- IOC code: AFG
- NOC: Afghanistan National Olympic Committee

in Atlanta
- Competitors: 3 in 2 sports
- Flag bearer: Mohammad Aman
- Medals: Gold 0 Silver 0 Bronze 0 Total 0

Summer Olympics appearances (overview)
- 1936; 1948; 1952; 1956; 1960; 1964; 1968; 1972; 1976; 1980; 1984; 1988; 1992; 1996; 2000; 2004; 2008; 2012; 2016; 2020; 2024;

= Afghanistan at the 1996 Summer Olympics =

Afghanistan was represented at the 1996 Summer Olympics in Atlanta, Georgia, United States by the Afghanistan National Olympic Committee.

In total, three athletes from Afghanistan went to the Games to compete in two sports including athletics and boxing. However, only two would compete after Mohammad Jawid Aman was disqualified for being too late for the weigh-in.

==Competitors==
In total, three athletes were due to represent Afghanistan at the 1996 Summer Olympics in Atlanta, Georgia, United States across two different sports.

| Sport | Men | Women | Total |
|---|---|---|---|
| Athletic | 2 | 0 | 2 |
| Boxing | 1 | 0 | 1 |
| Total | 3 | 0 | 3 |

==Athletics==

In total, two Afghan athletes participated in the athletic events – Abdul Ghafoor in the men's 100 m and Abdul Baser Wasiqi in the men's marathon.

The heats for the men's 100 m took place on 26 July 1996 at the Centennial Olympic Stadium. Ghafoor contested heat two which took place at 11:05 am. He finished eighth of the eight starters in a time of 12.2 seconds and failed to advance to the semi-finals.

The men's marathon took place on 4 August 1996 at 7:05 am. The course began and ended at the Centennial Olympic Stadium and followed the general route of the Atlanta Marathon. Wasiqi had been forced to stop training shortly after arriving in Atlanta due to a hamstring injury. He was still able to compete in the event and limped most of the course. He finished the race in a time of four hours 24 minutes and 17 seconds to finish 111th overall – one hour and 24 minutes behind every other finisher. When he arrived back, Wasiqi was aplauded across the finishing line by volunteers who had been preparing the stadium for the closing ceremony.

| Athletes | Events | Heat Round 1 |  | Heat Round 2 |  | Semifinal |  | Final |  |
| Time | Rank | Time | Rank | Time | Rank | Time | Rank |
| Abdul Ghafoor | 100 metres | 12.20 | 105 | did not advance |  |  |  |  |  |
| Abdul Baser Wasiqi | Marathon |  |  |  |  |  |  | 4:24:17 | 111 |

==Boxing==

Mohammad Jawid Aman was due to compete in the light middleweight category. However, he was refused participation after arriving too late in Atlanta to make the mandatory weigh-in.

==Aftermath==
Afghanistan's participation at the 1996 Summer Olympics was described as a "hard luck story" by Reuters after Aman wasn't allowed to compete and Wasiqi's injury hampered his marathon.
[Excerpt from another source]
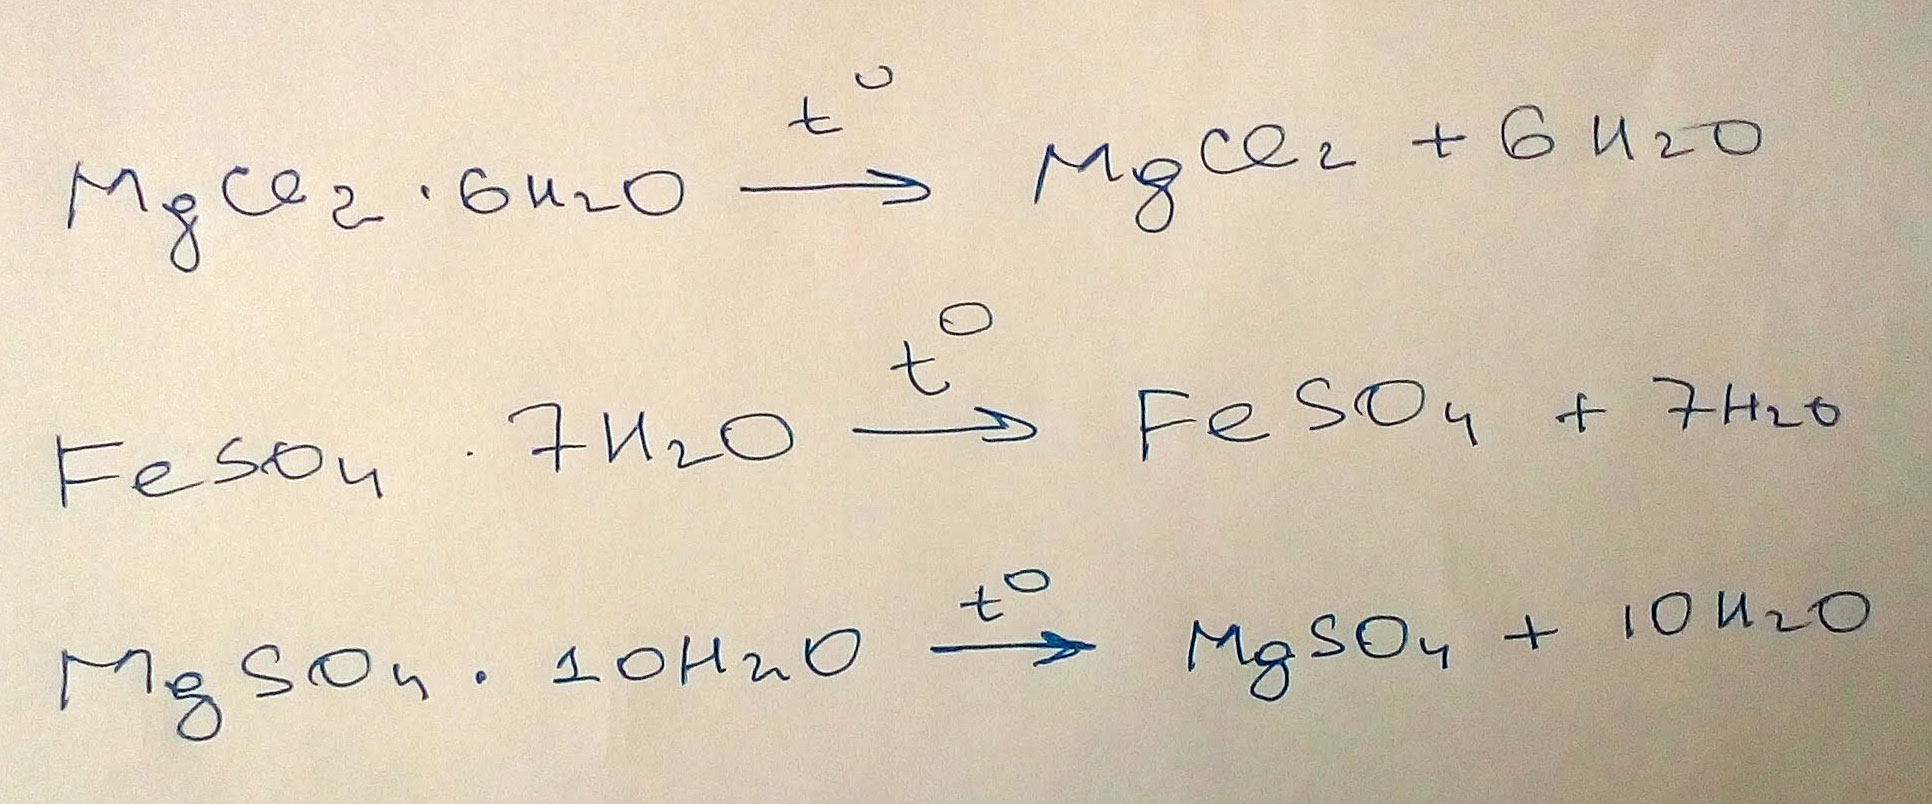 Разобраться с уравнением обезвоживания кристаллогидратов! Вот задания:  MgCl2 * 6H2O -  FeSO4*7H2O -  Ma2SO4 * 10H2O -
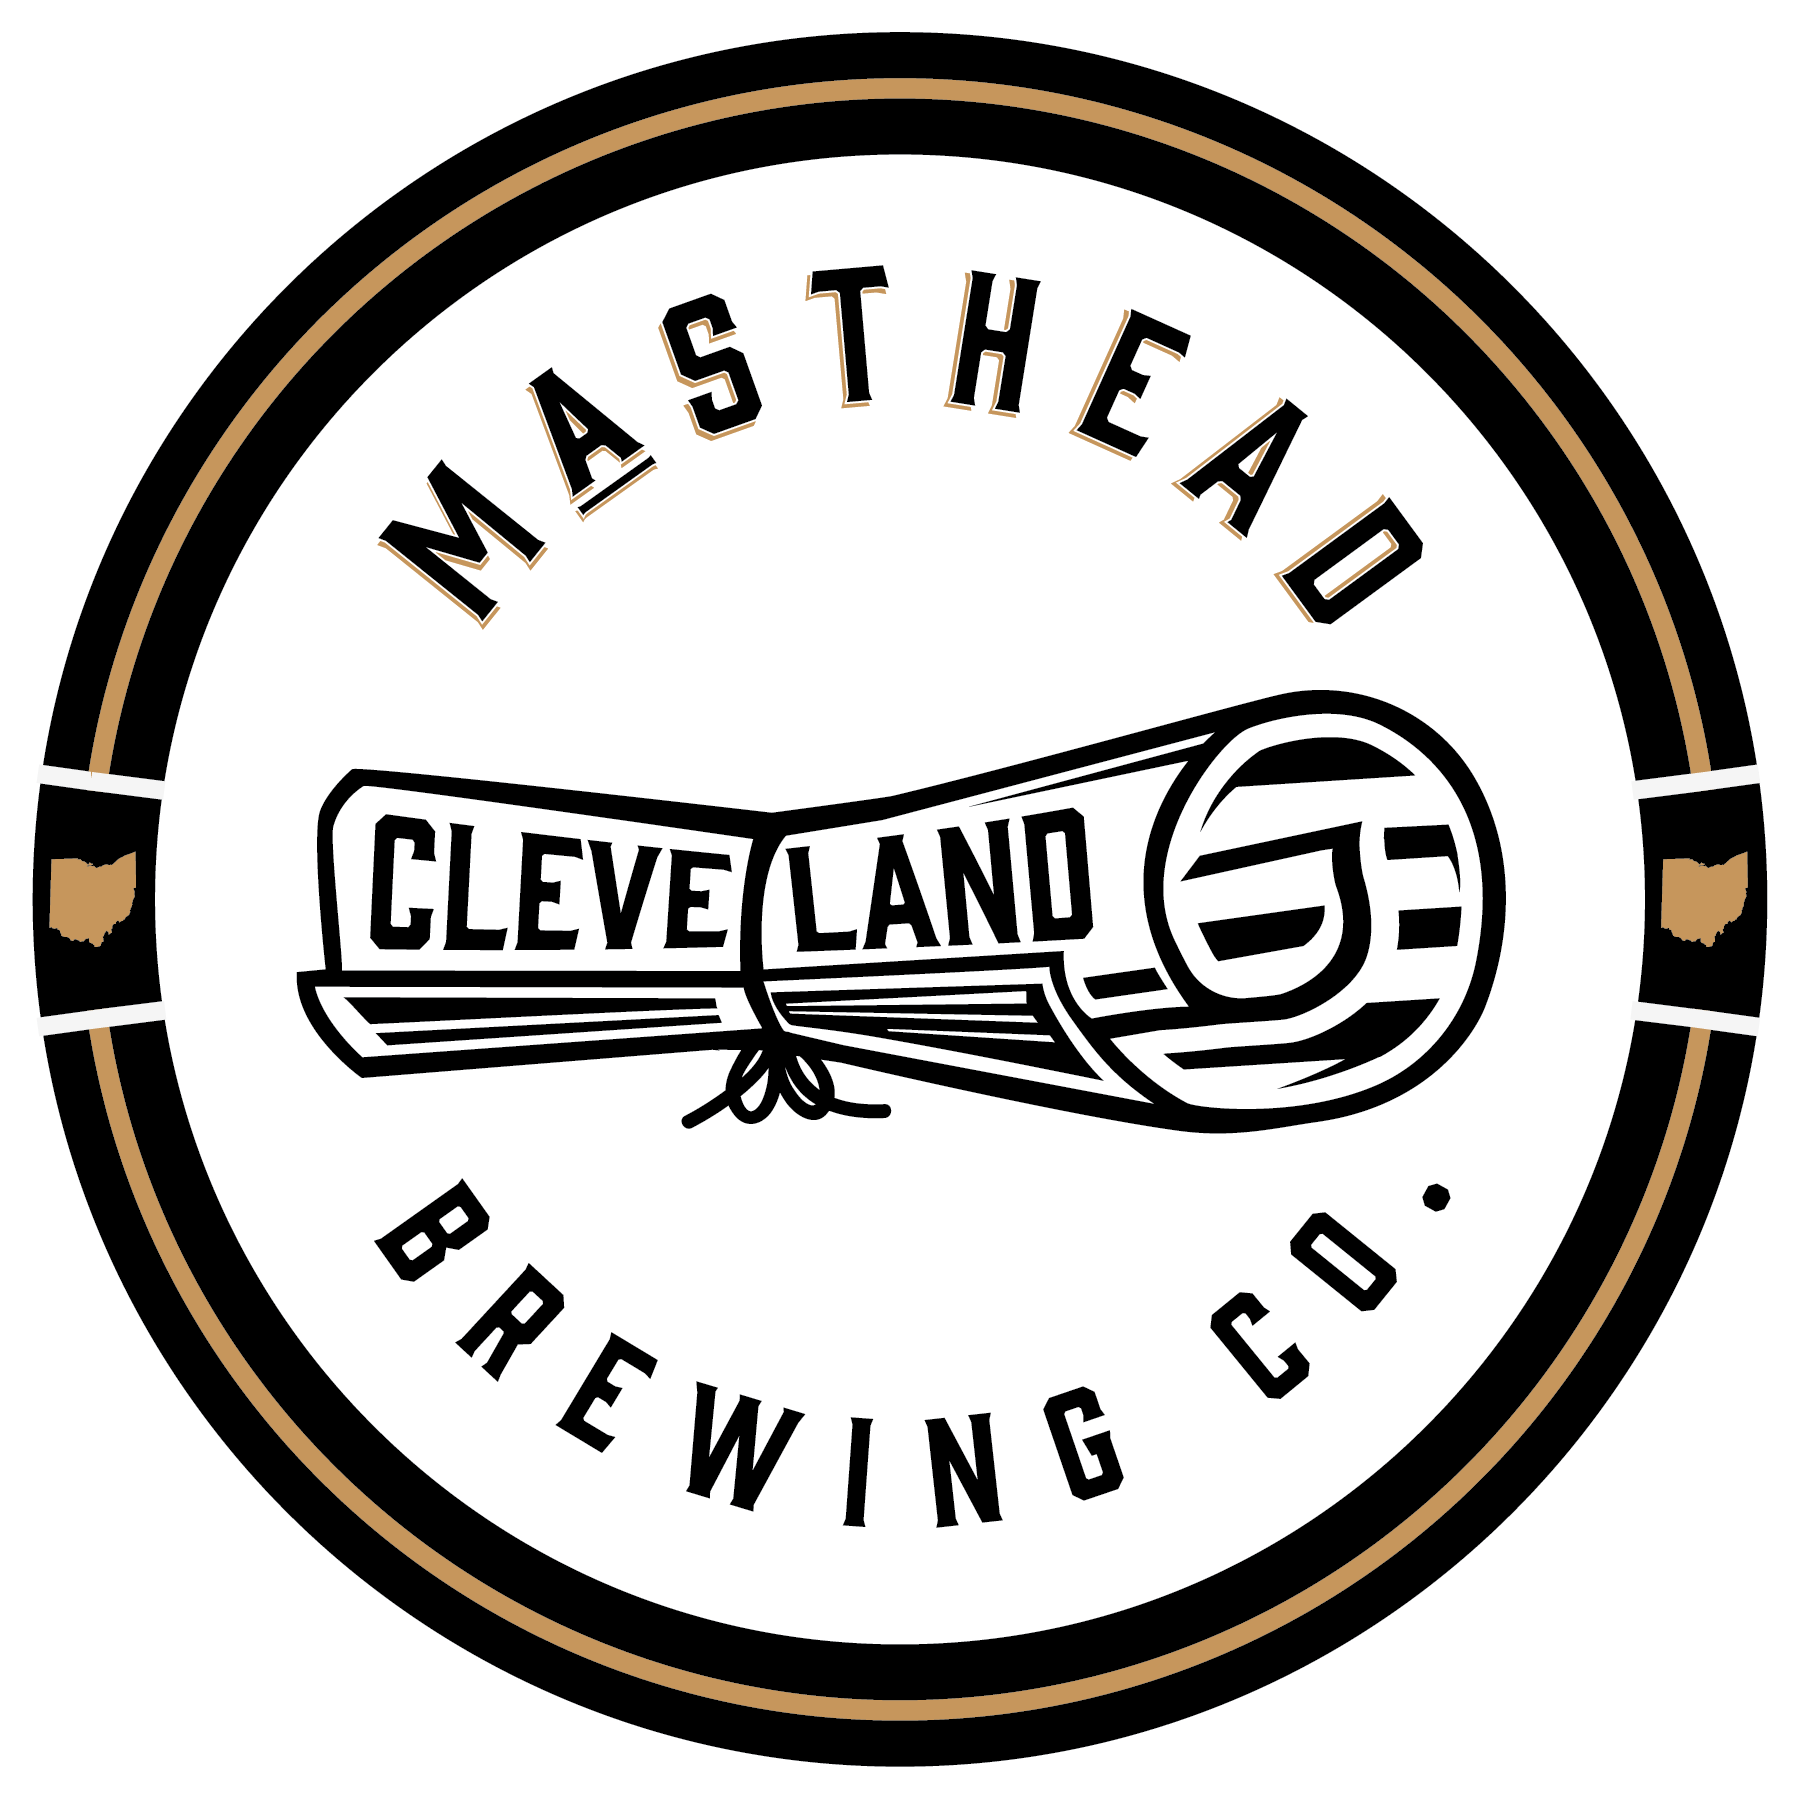 Masthead Brewing Co

Wasiqi's performance, the slowest time to complete an Olympic marathon, is considered to represent the Olympic spirit.

Afghanistan did not compete at the 2000 Summer Olympics after Abdul Shukoor Mutmaen, head of the Olympic committee run by the Taliban (who controlled most of the country at the time), rejected an offer from the International Olympic Committee to allow Afghan athletes to compete under a neutral flag.